Exercise inputs >>
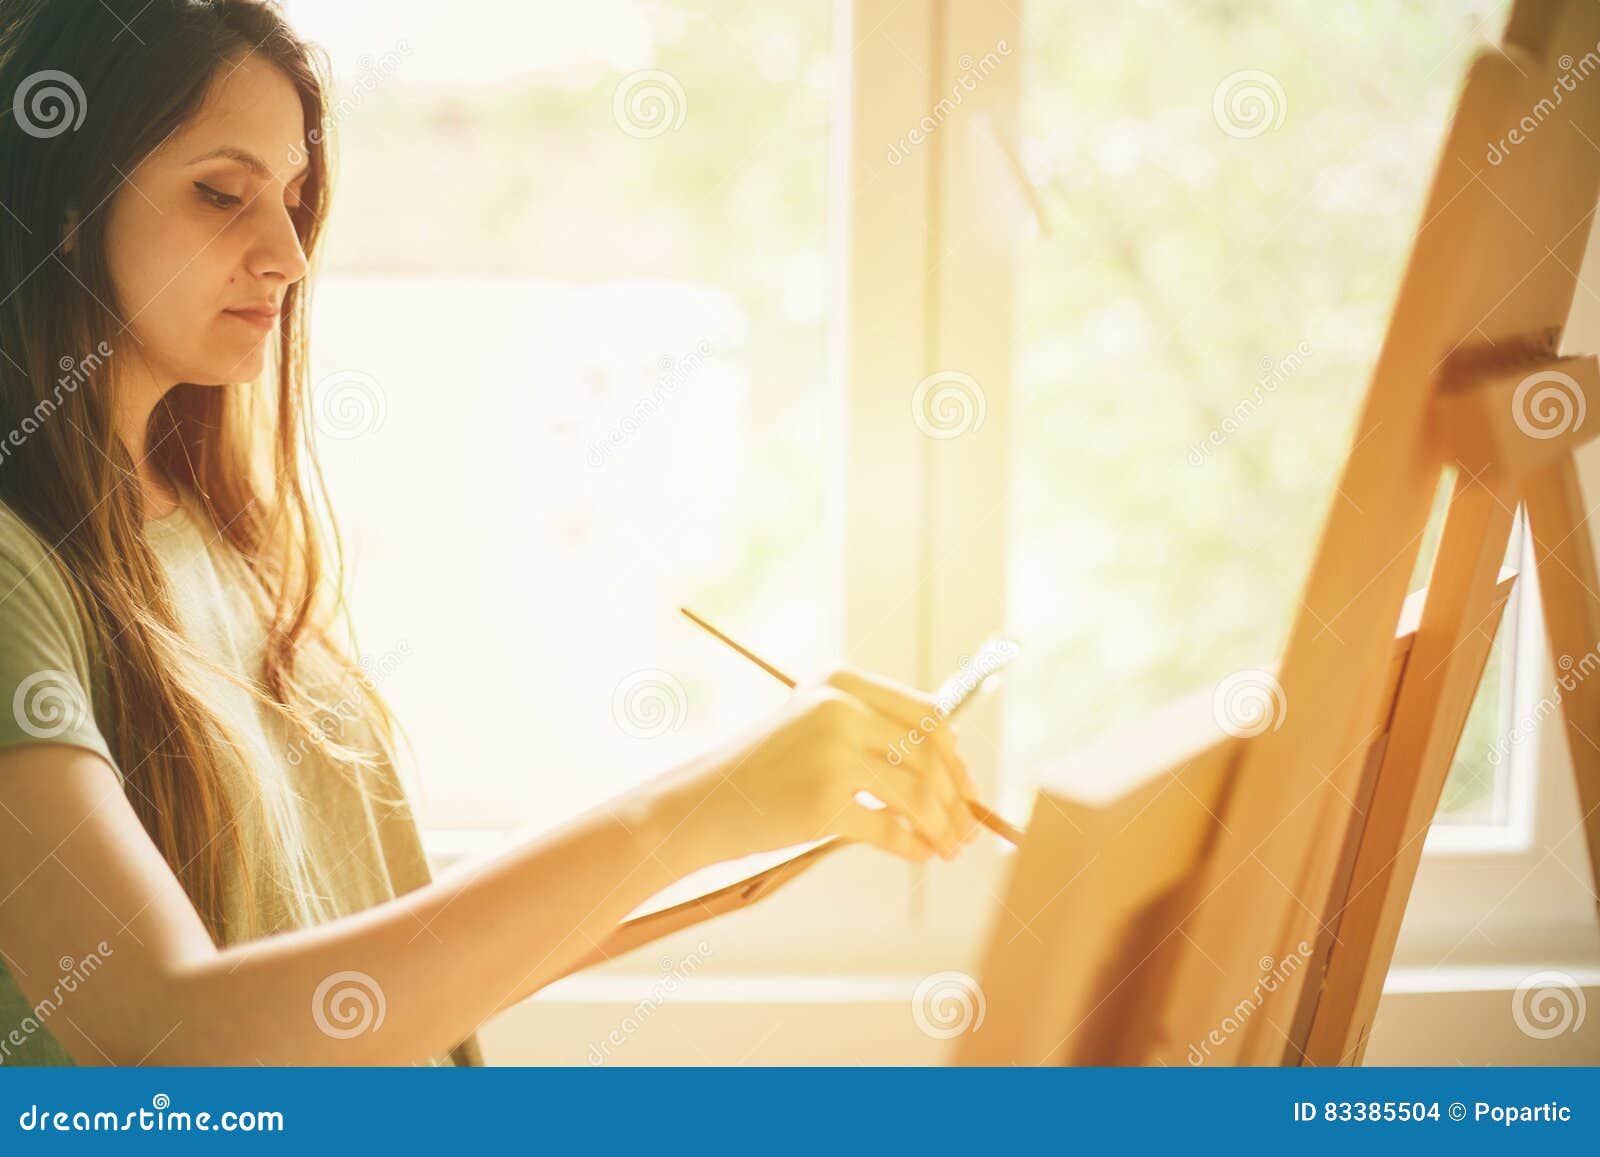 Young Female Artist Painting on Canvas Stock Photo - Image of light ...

...

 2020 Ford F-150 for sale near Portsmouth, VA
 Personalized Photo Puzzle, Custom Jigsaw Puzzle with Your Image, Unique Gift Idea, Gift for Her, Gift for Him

Try it >>
Restate word for word the lines in the material above from the one with "2020 Ford F-150 for sale near Portsmouth, VA" to the one with "Personalized Photo Puzzle, Custom"; both of those lines count, and nothing else does.

Solution to this problem >>
 2020 Ford F-150 for sale near Portsmouth, VA
 Personalized Photo Puzzle, Custom Jigsaw Puzzle with Your Image, Unique Gift Idea, Gift for Her, Gift for Him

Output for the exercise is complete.